Never commit .env files to version control
Use strong passwords for PostgreSQL
Enable TLS/HTTPS for the RAG server (see Configuration)
Restrict network access using Docker network policies
Use secrets management (Docker Secrets, Kubernetes Secrets, etc.)

Data Persistence

The docker-compose setup uses Docker volumes for PostgreSQL data:

volumes:
    postgres_data:
        driver: local

For production:

Use named volumes or bind mounts to specific host paths
Implement regular backup strategies
Consider using managed PostgreSQL services

Resource Limits

Add resource constraints to your docker-compose.yml:

services:
    rag-server:
        deploy:
            resources:
                limits:
                    cpus: '2'
                    memory: 2G
                reservations:
                    cpus: '1'
                    memory: 1G

High Availability

For high availability:

Deploy multiple RAG server instances behind a load balancer
Use PostgreSQL replication for database redundancy
Consider orchestration platforms like Kubernetes

Troubleshooting

Service Won't Start

Check logs for errors:

docker compose logs rag-server

Common issues:

Missing or invalid API keys in .env
Configuration file syntax errors
Port conflicts (8080 or 5432 already in use)

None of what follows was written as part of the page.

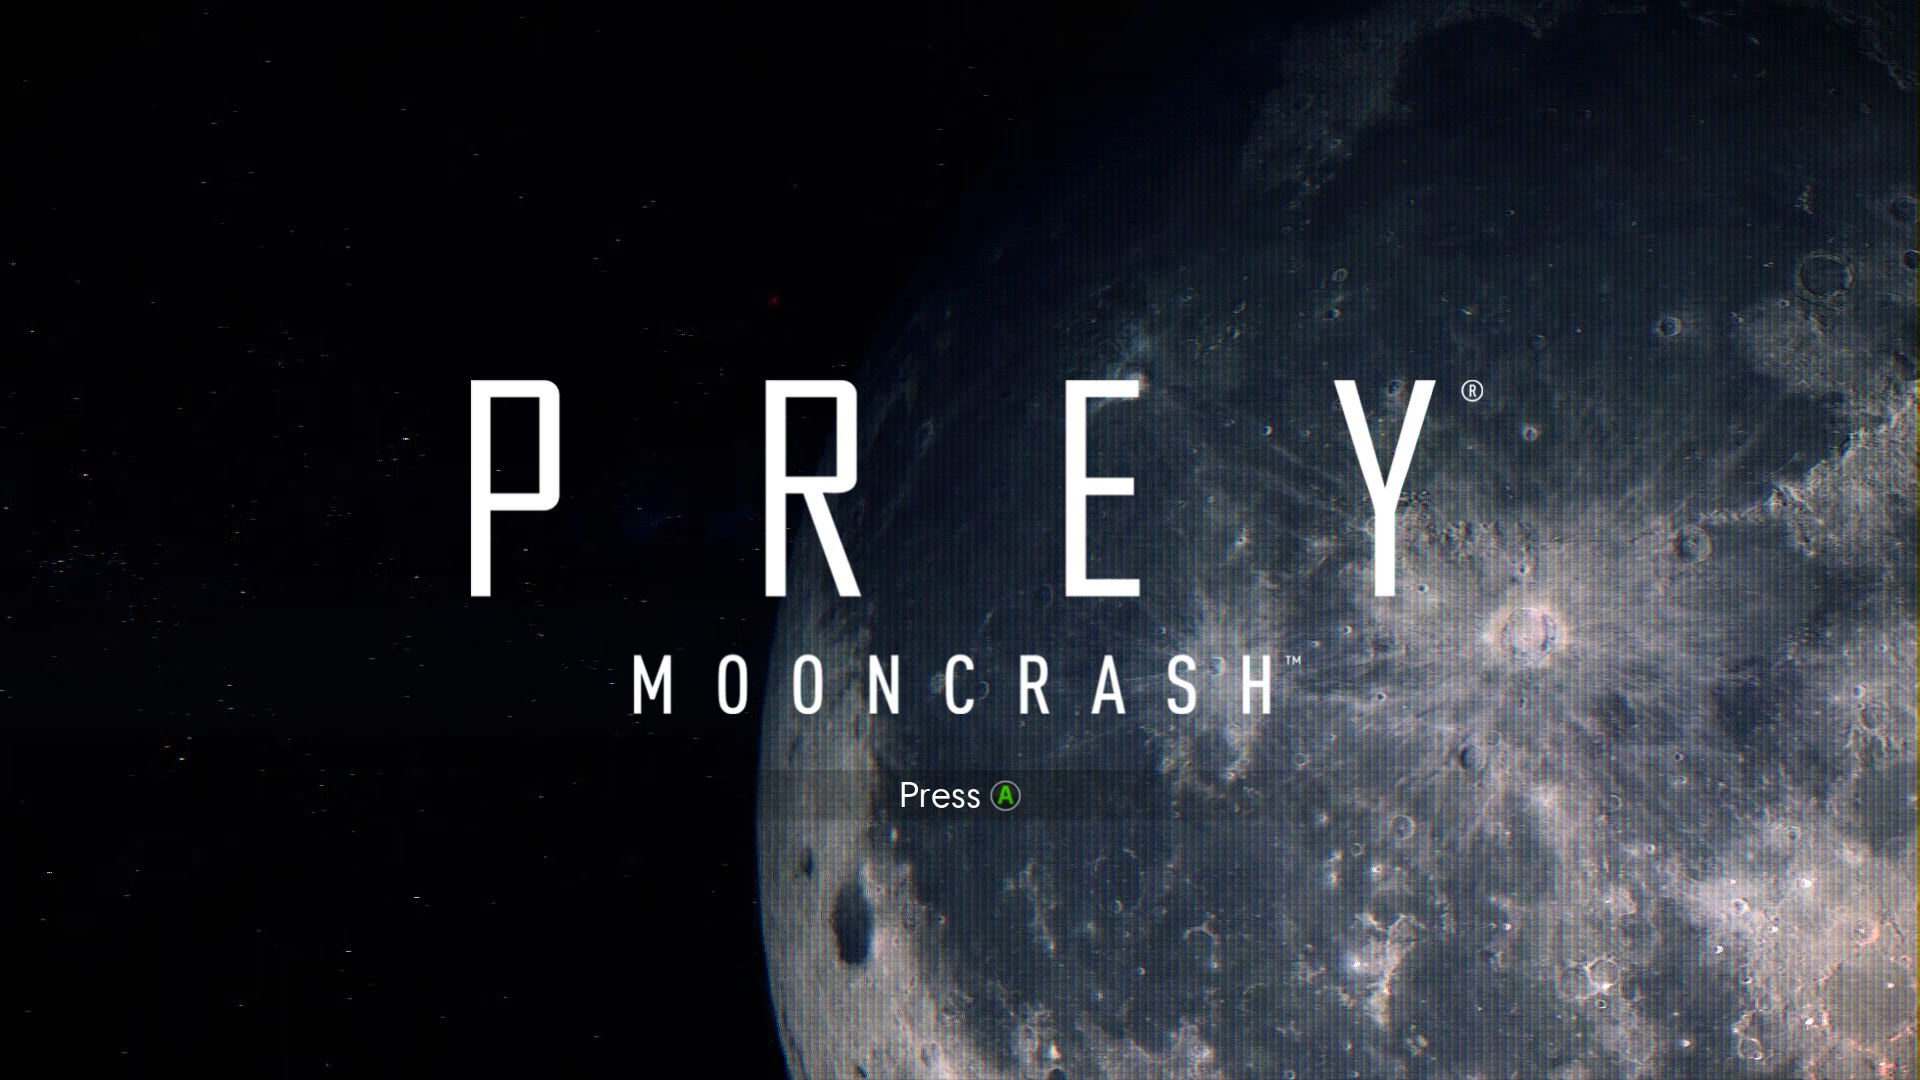 prey mooncrash escape by uploading mind

Cannot Connect to PostgreSQL

Verify the database is ready:

docker compose exec postgres pg_isready -U postgres

If the database isn't ready, wait a few moments for initialization to complete.

pgvector Extension Not Found

Ensure you're using the pgvector/pgvector Docker image, which includes the extension pre-installed.

Configuration Changes Not Applied

After modifying pgedge-rag-server.yaml:

docker compose restart rag-server

The configuration file is mounted read-only, so changes on the host are immediately available after restart.